Samarinda (08/03) — Anggota Komisi II DPR RI dari Fraksi PKS Aus Hidayat Nur mengingatkan bahwa bila keganjilan-keganjilan yang terlihat selama pelaksanaan Pemilu tidak terklarifikasi, maka masyarakat terancam mengalami dua keadaan: antara permisif karena menganggap wajar hal yang dianggap curang, atau apatis karena merasa keberlangsungan demokrasi tak ada gunanya.
“Itulah perlunya hak angket, untuk mengevaluasi penyelenggaraan pesta demokrasi yang telah menelan anggaran sekitar 76 triliyun. Jangan sampai anggaran sebegitu besar hanya menghasilkan masyarakat yang masa bodoh karena kecewa melihat kejanggalan di depan mata.
Anggota Fraksi PKS itu memaparkan berbagai kehebohan dari awal pelaksanaan Pilpres seperti putusan MK yang kontroversial hingga penggelembungan suara yang hanya dialami parpol tertentu secara aneh. Bahkan baru kali ini Pemilu diselenggarakan oleh KPU yang ketuanya tiga kali divonis melanggar etik.
“Kritik juga perlu kami sampaikan ke Bawaslu. Andai mereka bersikap tegas dari awal, hak angket ini mungkin tidak terlalu diperlukan. Namun banyak pelanggaran yang harusnya diberi hukuman yang membuat jera tapi sayangnya hanya sebatas teguran,” tambah Aus.
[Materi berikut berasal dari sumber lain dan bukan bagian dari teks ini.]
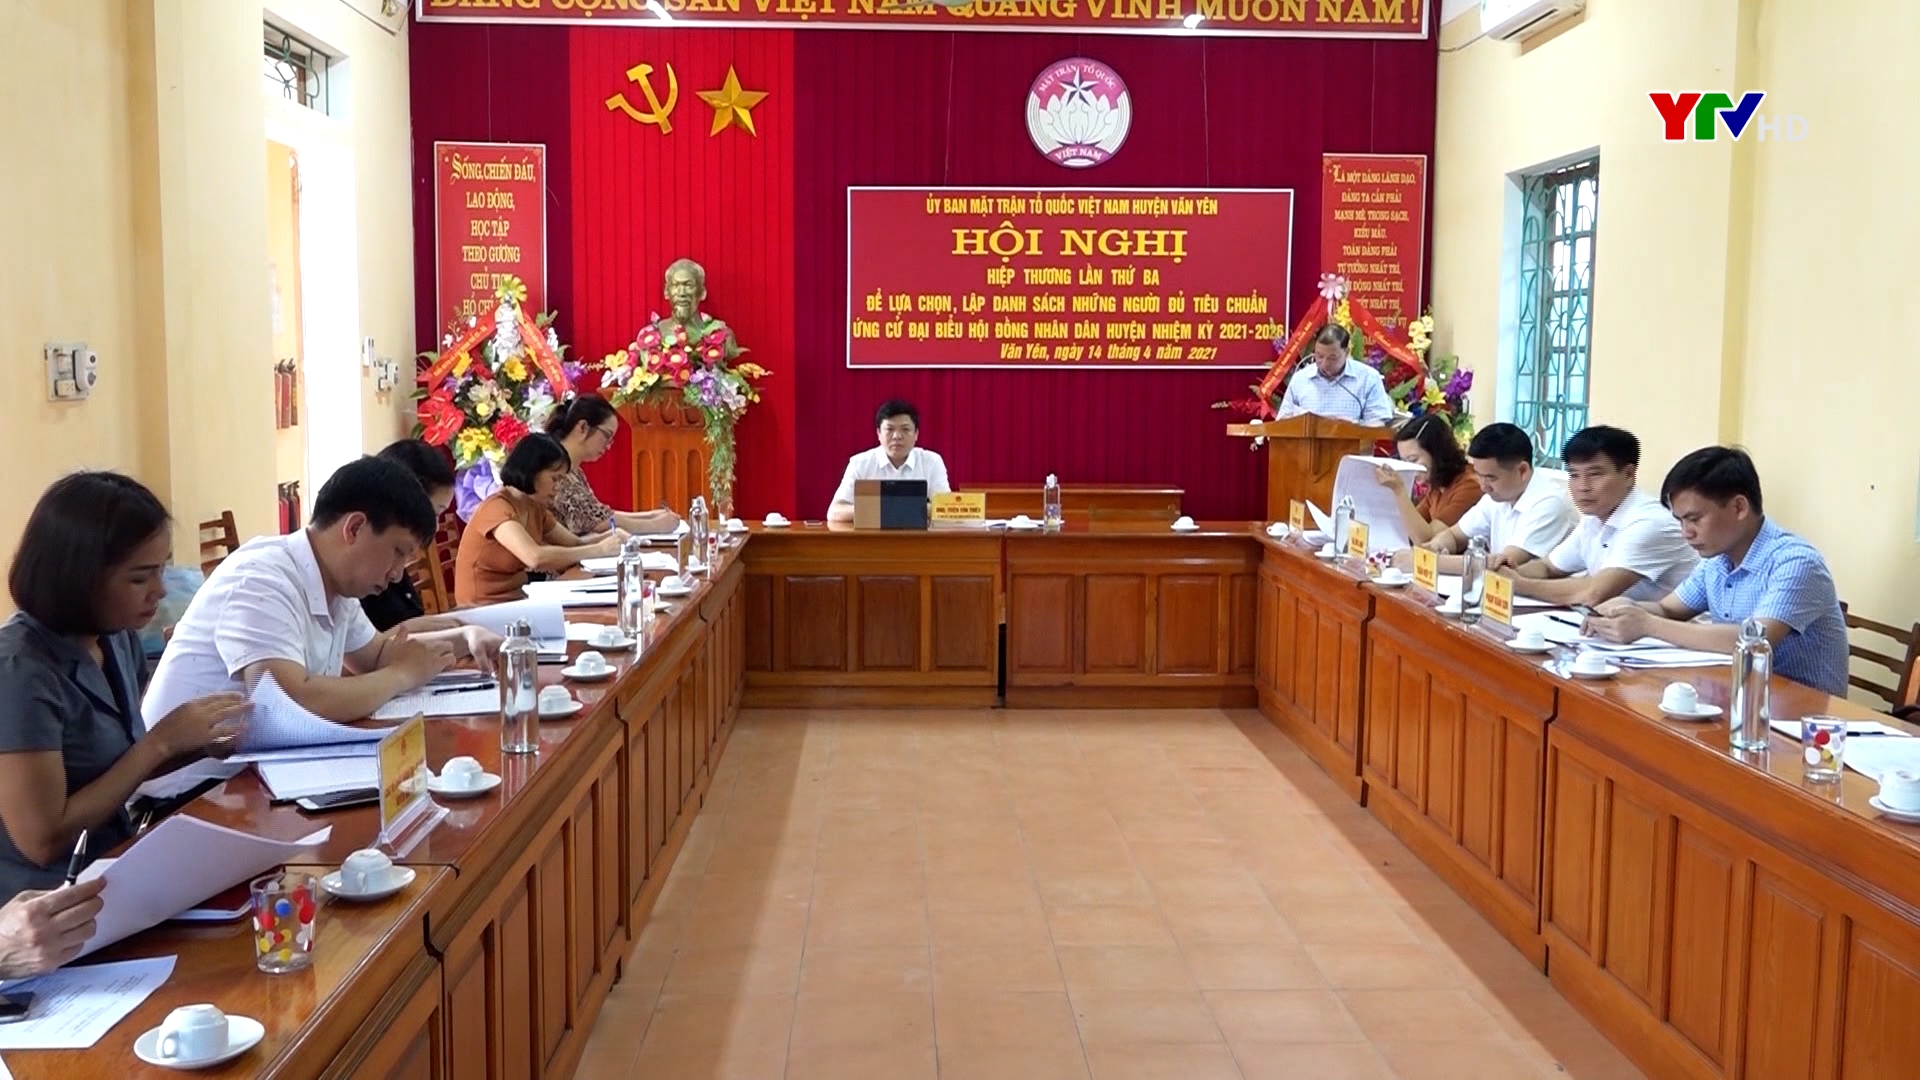 Ủy ban MTTQ huyện Văn Yên tổ chức Hội nghị hiệp thương lần thứ 3

Terakhir, Bawaslu hanya memberi hukuman teguran kepada Menteri Perdagangan Zulkifli Hasan yang telah berkampanye tanpa cuti sebagai pejabat publik.
“Ada juga kasus bagi-bagi susu yang dilakukan oleh Cawapres nomor urut 2, Gibran Rakabuming Raka yang pengadilan dan sanksinya seperti angin lalu,” pungkasnya.
Oleh karena itu, imbuh Aus, penting untuk memulihkan kepercayaan masyarakat terhadap proses seleksi kepemimpinan negara baik eksekutif maupun legislatif ini.
“Ini bukan soal menang kalah, tapi untuk meluruskan penyimpangan-penyimpangan proses berdemokrasi. Kalau tidak, demokrasi berubah jadi democrazy dan negara kita terancam bangkrut,” terang Anggota DPR RI dari Dapil Kalimantan Timur ini.